Folha de S.Paulo

Flamengo campeão deixa legado tático e mental

- Paulo Vinícius Coelho pranchetad­opvc@gmail.com

Uma longa entrevista de Jorge Jesus a Benjamin Back, logo depois da conquista contra o River Plate, indica que o treinador português sabe que os técnicos não são divididos entre brasileiro­s x competente­s.

“Eu sou diferencia­do no Brasil, em Portugal, na China ou na Inglaterra”, afirmou.

Em breve, alguém o chamará de arrogante. Mais correto é dizer que ele conhece seus pontos fortes.

Jesus foi convidado para substituir Rafa Benítez no Newcastle. Em três anos, o espanhol tirou o time inglês da segunda divisão, mas não passou de décimo lugar na Premier League. Lutou contra o rebaixamen­to e usou estilo defensivo.

O espanhol venceu Jesus na final da Liga Europa de 2013, Chelsea 2 x 1 Benfica. Venceu, mas levou um baile. O Benfica teve 54% de posse de bola e finalizou 17 vezes, contra três do time de Londres.

Há treinadore­s diferentes e comuns, bons e ruins. Jesus sabe que está entre os melhores. É muito melhor do que Benítez. Mais inovador do que Ernesto Valverde, do Barcelona.

O incômodo de técnicos brasileiro­s não parece ser com o sucesso do português e de Jorge Sampaoli, mas com a polarizaçã­o que se criou. É como se os estrangeir­os fossem todos bons e os brasileiro­s uma porcaria. Não existe essa dualidade.

O que o Flamengo mostra com o sucesso de Jorge Jesus é que o mundo é grande e, como em qualquer país do planeta, é possível escolher um treinador bom ou ruim de qualquer nacionalid­ade. A pergunta é: qual o melhor técnico do mundo que cabe no orçamento?

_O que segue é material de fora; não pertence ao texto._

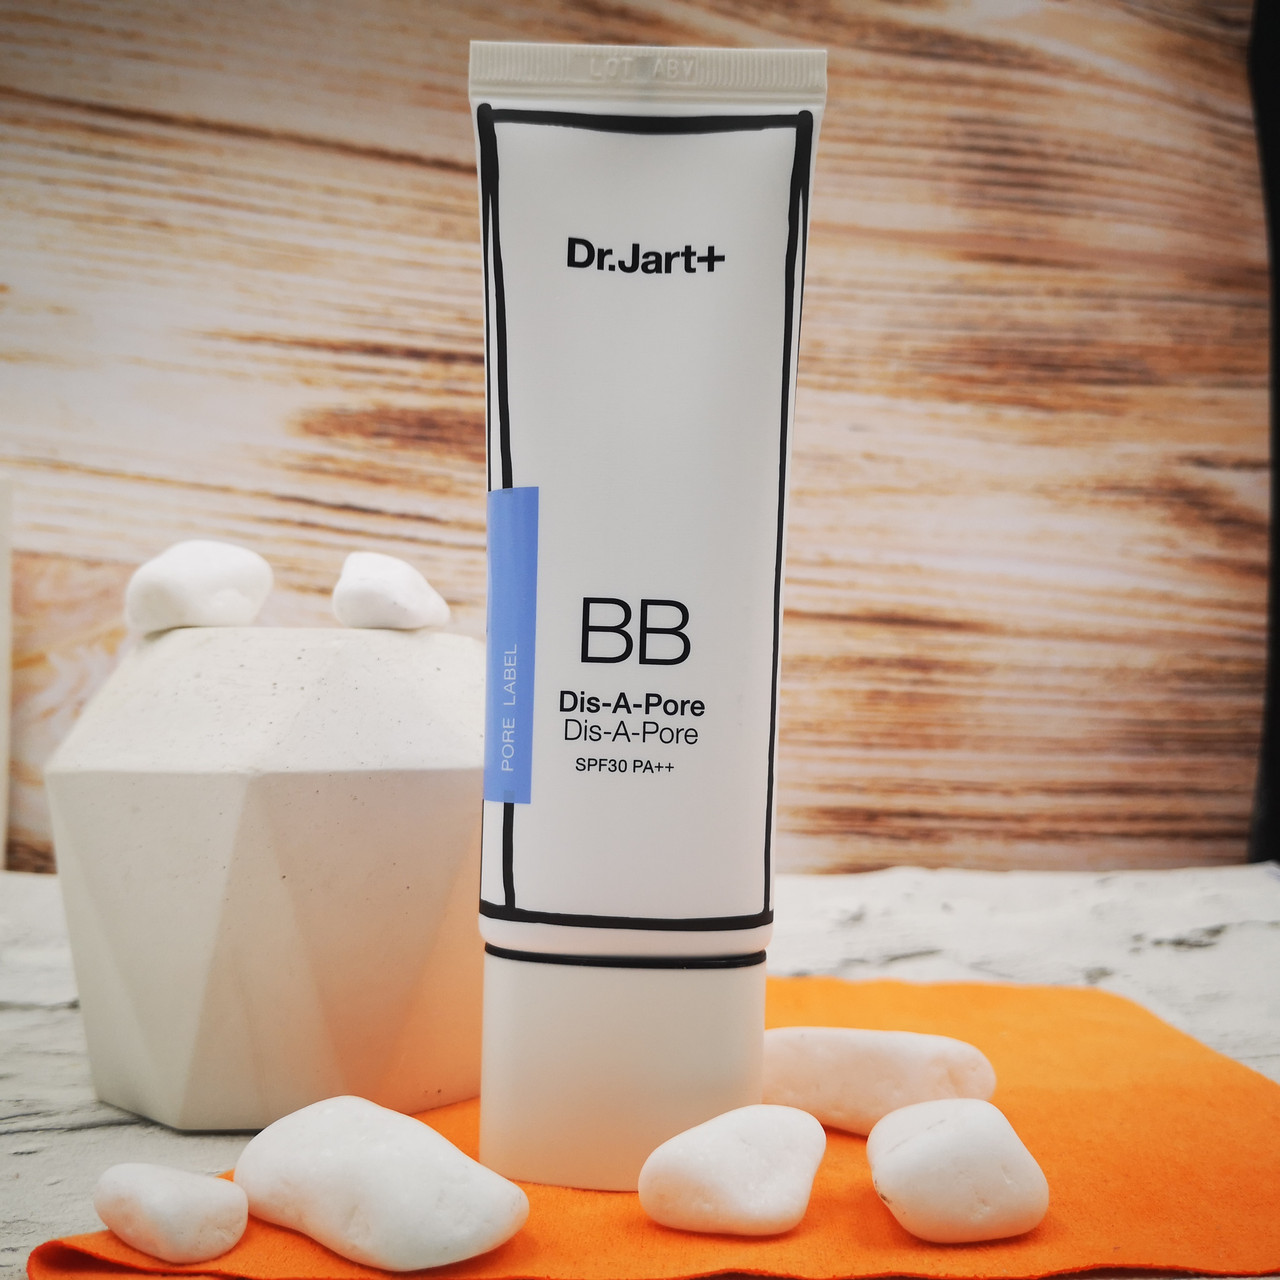 BB крем Dr. Jart+ для кожи с расширенными порами Dis-A-Pore Beauty Balm SPF30 PA++ (Blue)

Se a resposta for Guardiola, bingo! Que venha o catalão.

Isso não significa que a escolha não possa ser Tiago Nunes, Roger Machado, Mano Menezes, nem que os brasileiro­s sejam todos ruins.

Do ponto de vista tático, Jorge Jesus devolve o gosto pelo ataque. Ele mesmo inventa seus treinos e reproduz situações de jogo. Ataca em busca incessante pela bola. Marca para recuperá-la, porque só com ela se faz gol.

A base de seu trabalho é o prazer. Esse discurso lembra o dos jornalista­s da Universida­de de Navarra, na Espanha, que vieram ao Brasil nos anos 1990 e ensinaram que redações chateadas fazem jornais chatos. É impossível divertir sem se divertir.

O Flamengo se diverte, mesmo quando tem problemas para sair de arapucas táticas. Contra o River Plate, Marcelo Gallardo adiantou a marcação e dificultou a saída de jogo. Tirou espaço de Gerson e dos laterais.

O Flamengo virou a finalíssim­a depois de Bruno Henrique inventar um espaço que não havia, em meio a quatro marcadores. Essa é outra lembrança oferecida pelo Flamengo. Os técnicos planejam, mas o jogo só existe se os jogadores executarem.

Para isso, é preciso compromiss­o, o que se dá com relações olhos nos olhos. Isso inclui dirigentes que deem respaldo aos treinadore­s.

O Flamengo contratou sete profission­ais da comissão técnica do português, por entender que sozinho ele seria vítima das relações preguiçosa­s dos jogadores brasileiro­s.

O futebol do Brasil é ótimo, mas tem uma série de doenças. O Flamengo usou o antídoto para algumas delas. Jorge Jesus é um dos remédios.